Segment Start: PROVIDED MATERIAL
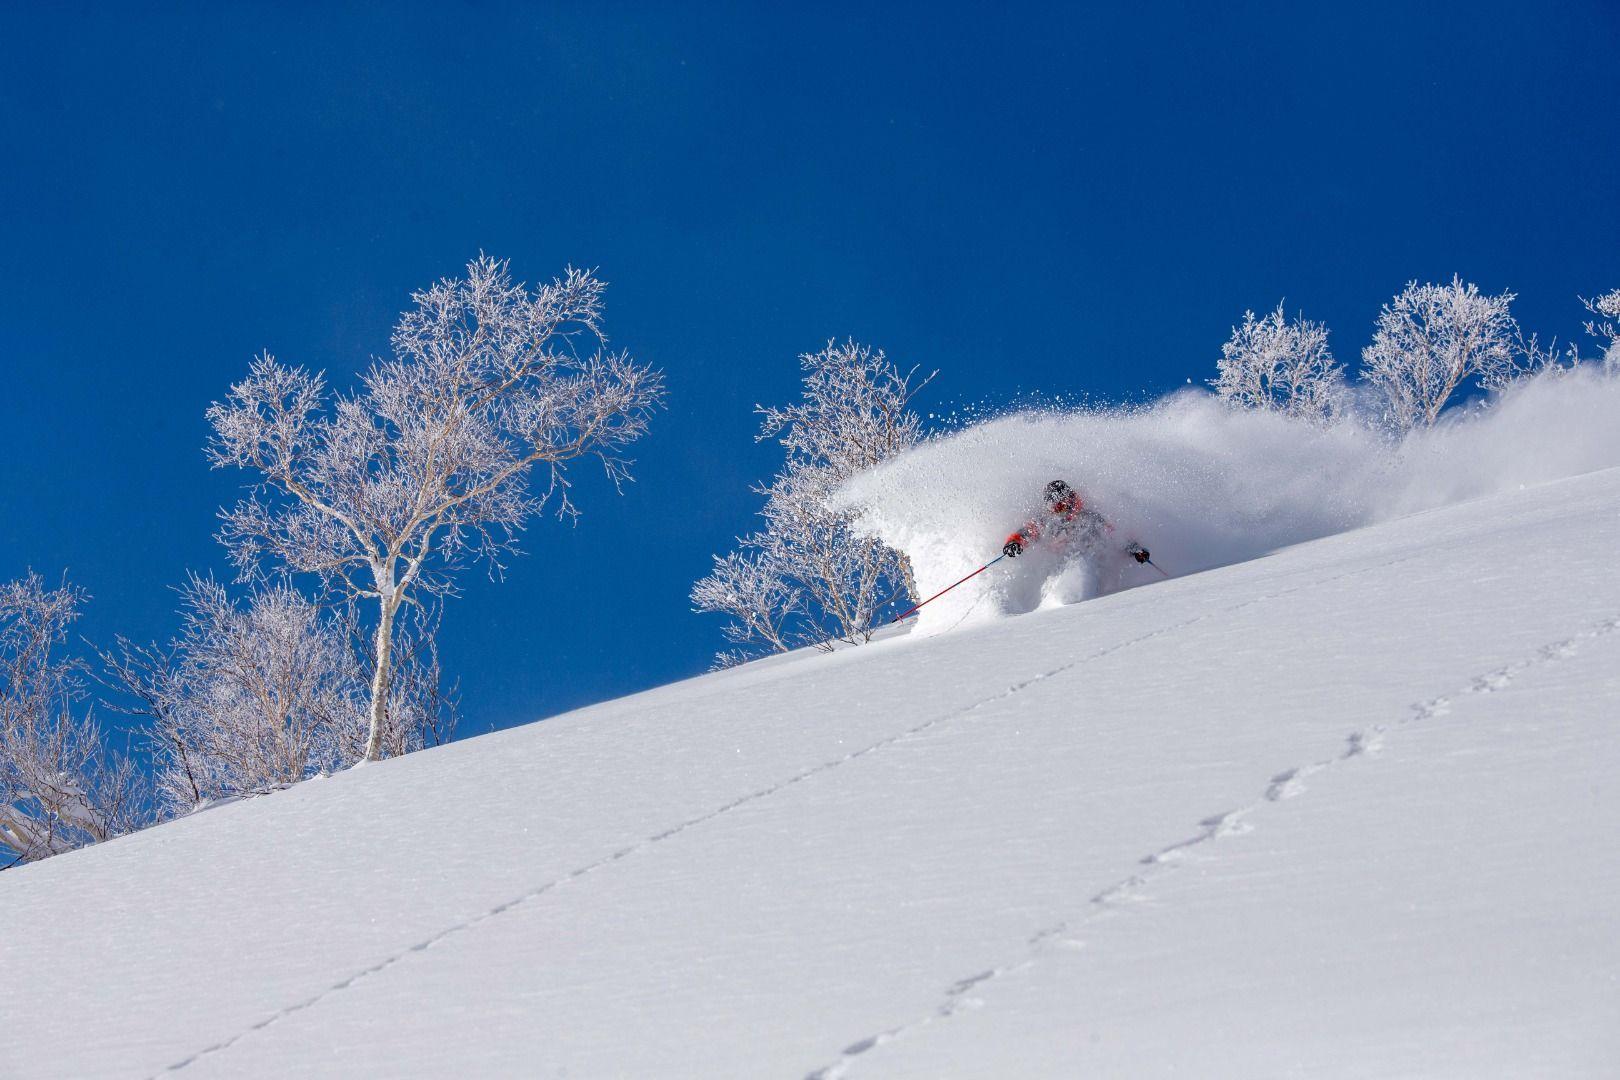 Winter Snow Ryuoo Ski Park (Nagano)
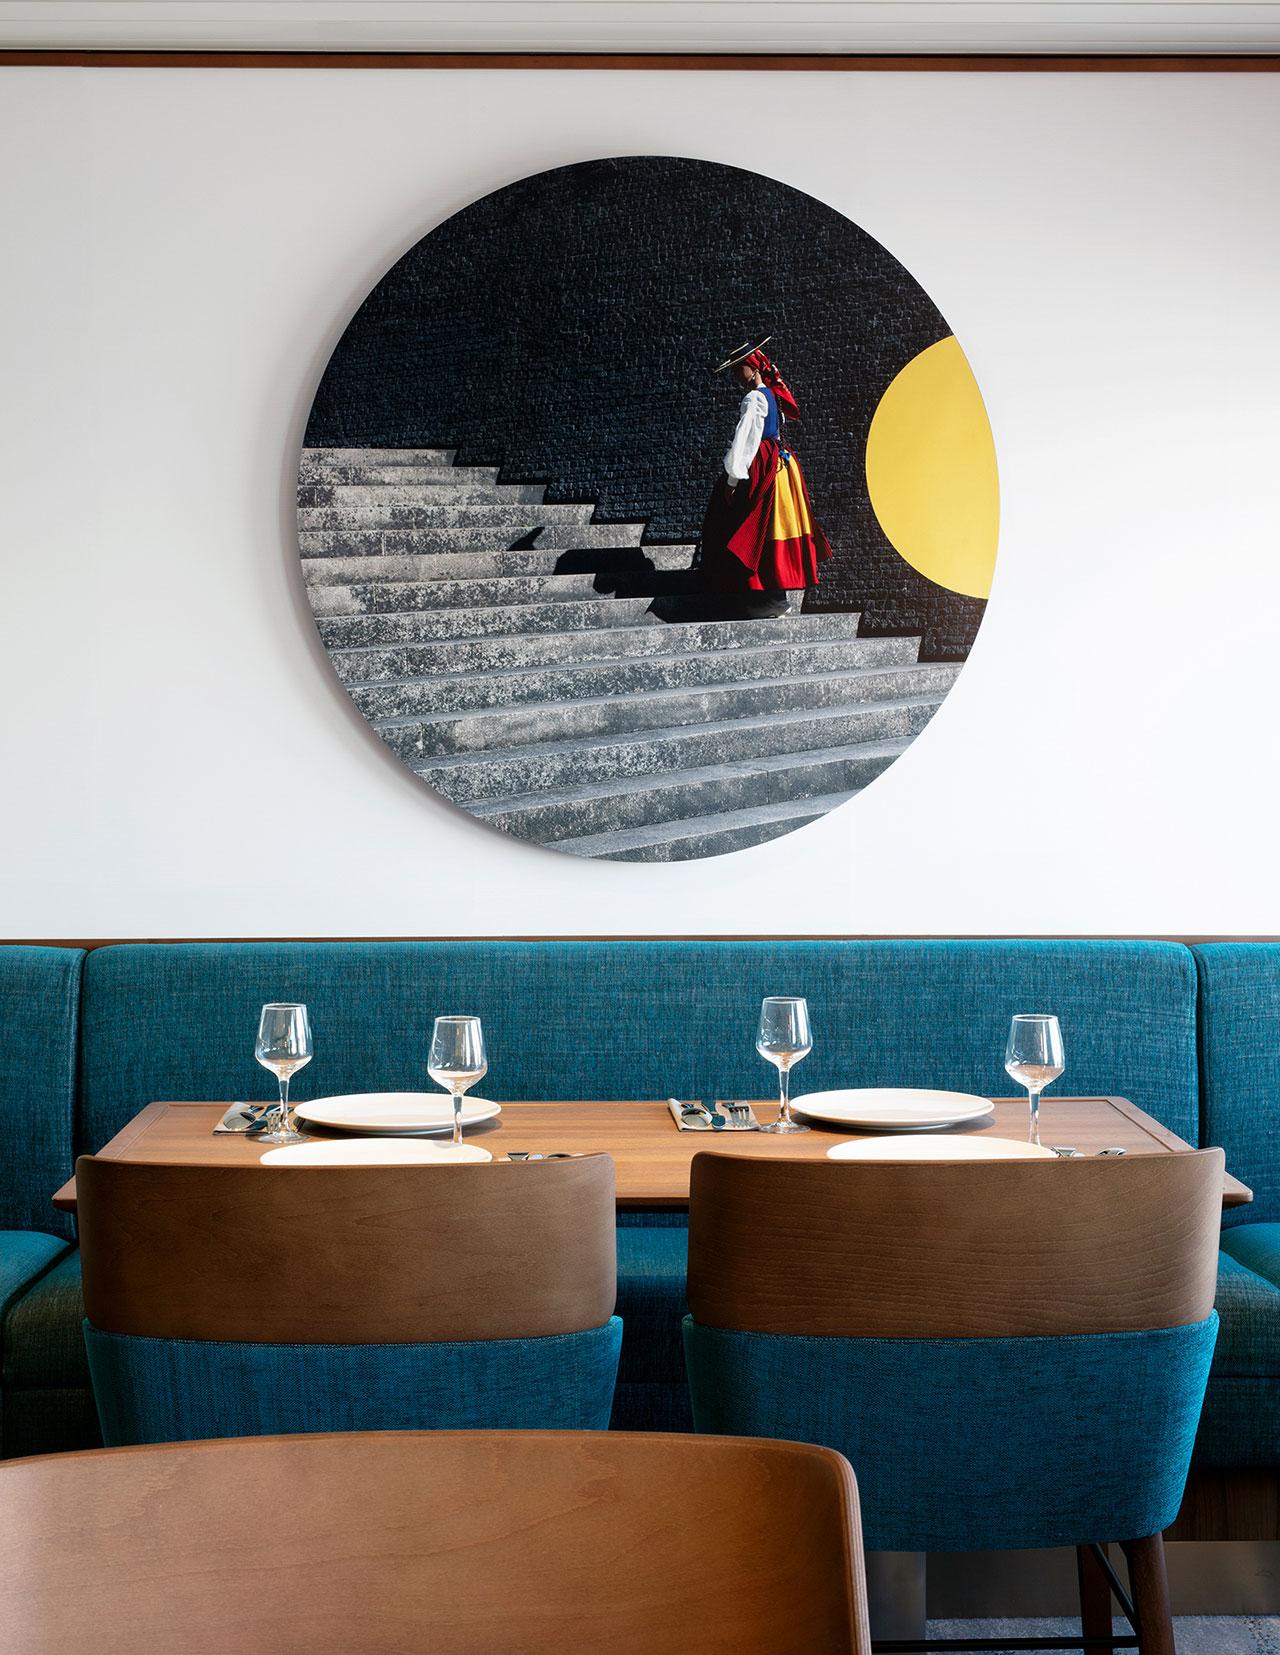 AZUL Restaurant. Art & Photography by Klunderbie.
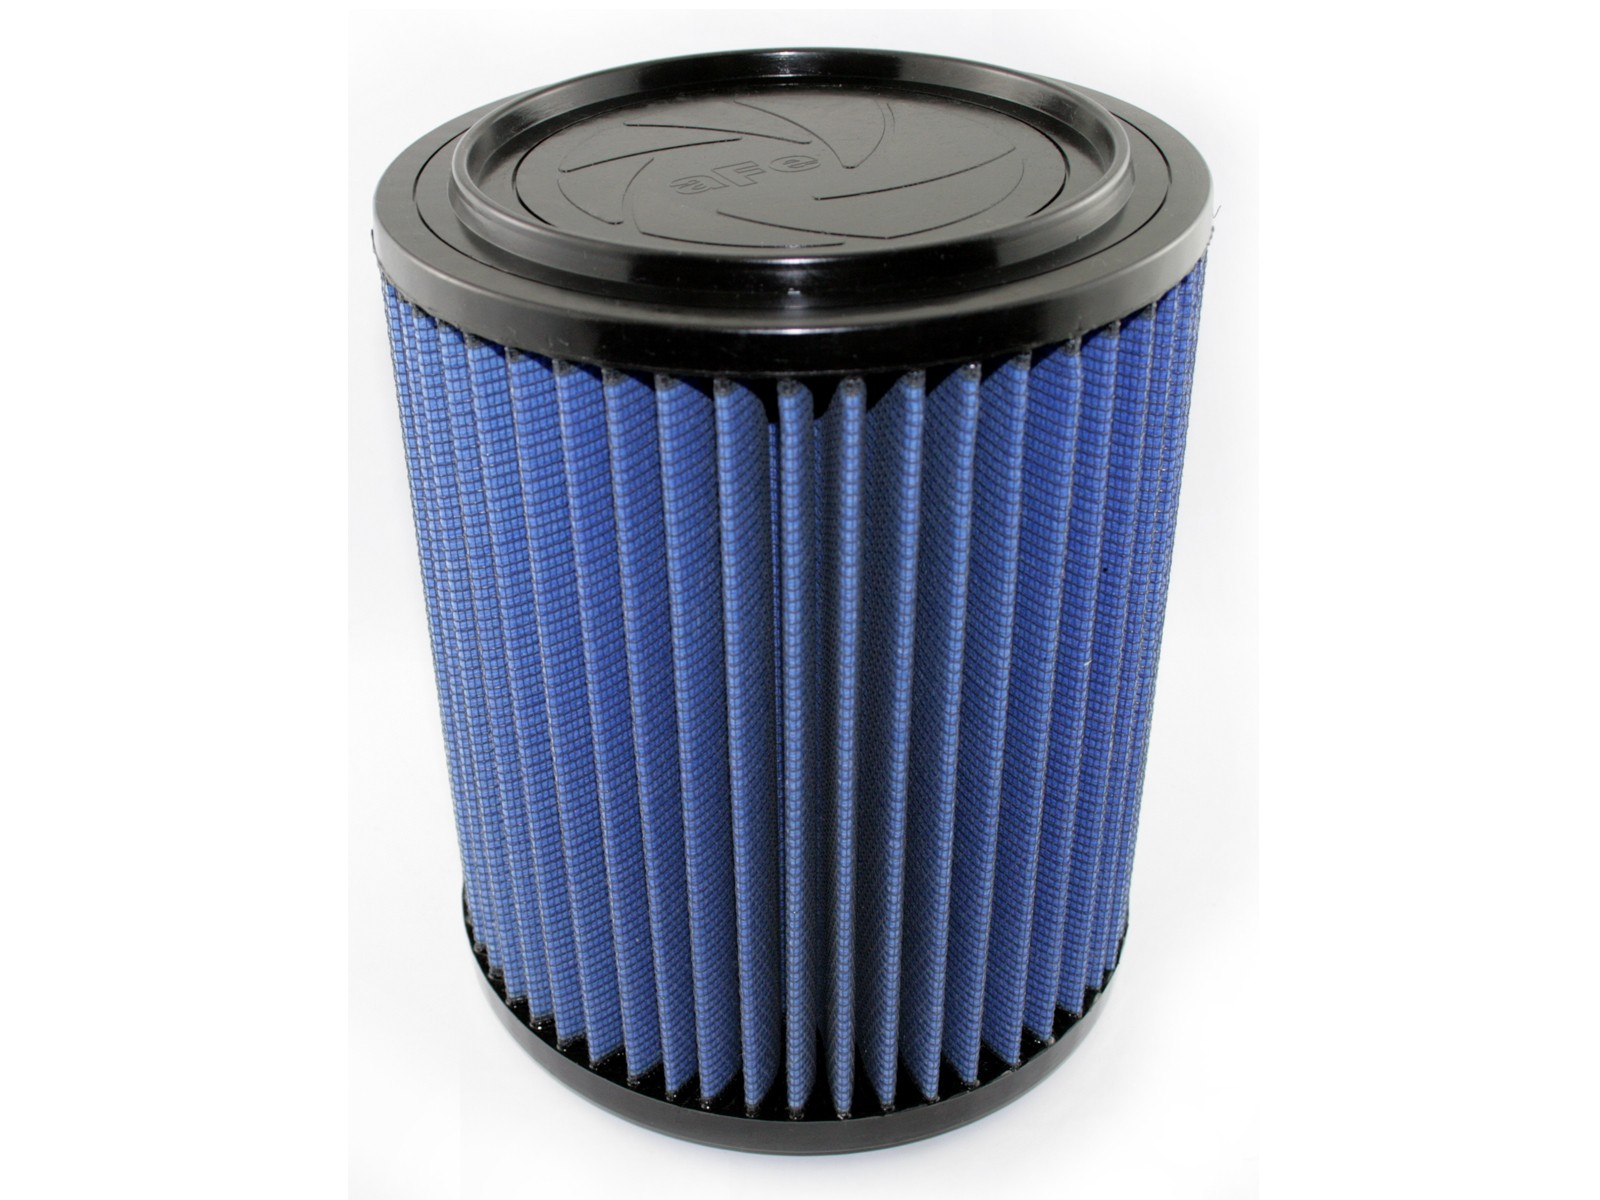 aFe POWER 10-10030 Magnum FLOW Pro 5R Air Filter
Segment End: PROVIDED MATERIAL
*INSTRUCTIONS FOR THE TASK*. Would you restate the listing word for word and leave every picture out?

*ANSWER TO THE PROBLEM*.
 Winter Snow Ryuoo Ski Park (Nagano)
 AZUL Restaurant. Art & Photography by Klunderbie.
 aFe POWER 10-10030 Magnum FLOW Pro 5R Air Filter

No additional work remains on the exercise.